Energieeffizienz lässt sich beim Neubau einer Klinik frühzeitig einplanen. Wie sieht es mit energetischen Sanierungen im Bestandsfall aus?
Loh: Mit dieser Frage sprechen Sie das komplexe Thema der Krankenhausfinanzierung an. Hier sollten alle Beteiligten zusammen aktiv werden und über die Landeskrankenhausgesetze diskutieren. Es sind nämlich zwei unterschiedliche Töpfe für den Bau und für den Betrieb von Kliniken. Ich möchte nicht in diese Thematik einsteigen, doch vermute ich, dass hier viele Potenziale für einen nachhaltigen Bau und Betrieb von Kliniken liegen.
Viamedica bietet ein branchenspezifisches Energieeffizienz-Netzwerk an? Mit welchem Erfolg?

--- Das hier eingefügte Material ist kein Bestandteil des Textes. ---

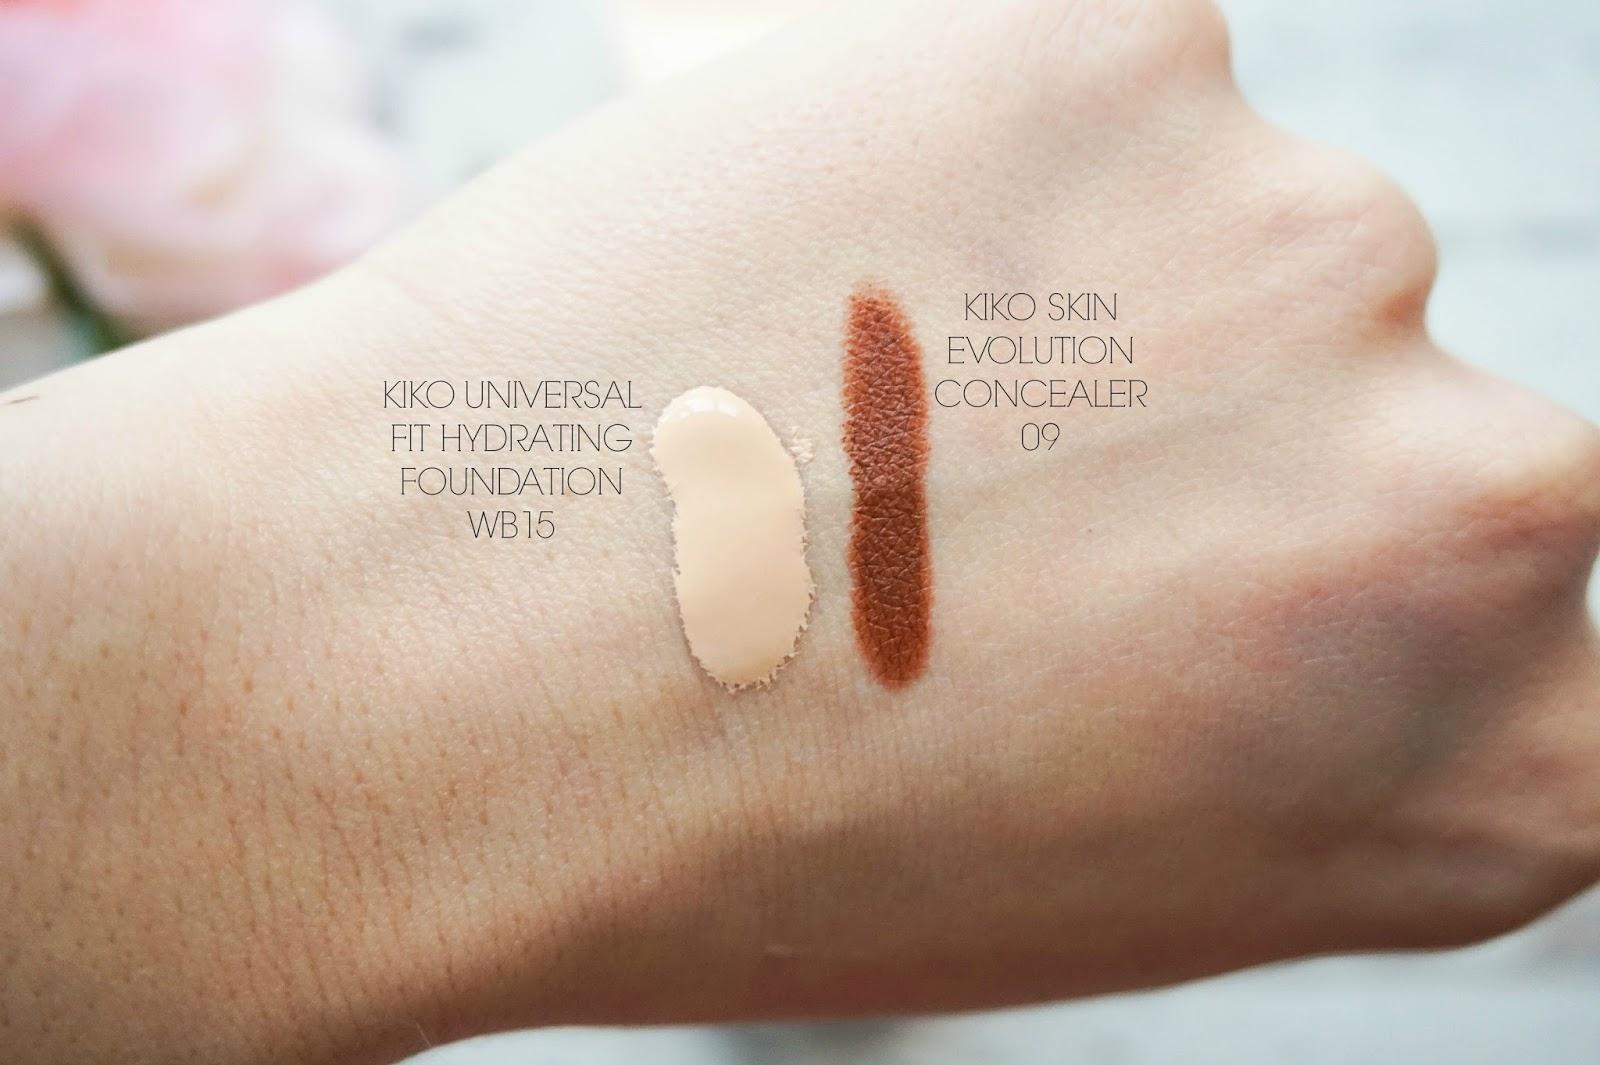 KIKO Universal Fit Hydration Concealer, Skin Evolution Concealer

Loh: Es geht bei den Netzwerken darum, Synergien zu entdecken und einen Austausch zwischen den Beschäftigten von Einrichtung zu ermöglichen, die Energieeffizienz in ihren Einrichtungen einführen und umsetzen. Es sollen Erfahrungen über Produkte, Materialein und Prozesse ausgetauscht werden. Durch den aktiven Austausch werden Zeit und Mittel gespart. Aktuell bauen wir, mit Unterstützung der Stadt Freiburg, das Klimaschutznetzwerk Freiburger Kliniken auf.
Zur Person
Markus Loh ist seit 2007 Projektleiter der Stiftung viamedica und der Informationskampagne Klinergie 2020 – Energieeffizienz in deutschen Kliniken. Der Diplomgeograf arbeitet im Richtlinienausschuss „Nachhaltigkeit in Bau und Betrieb von Krankenhäusern (VDI 5800)“ des Vereins Deutscher Ingenieure (VDI) und ist Mitglied in der Fachvereinigung Krankenhaustechnik. Unter seiner Regie wurden der KlinergieCheck der Stiftung viamedica entwickelt und mehrere Best PracticeBroschüren zum Thema Energieeffizienz in Kliniken produziert.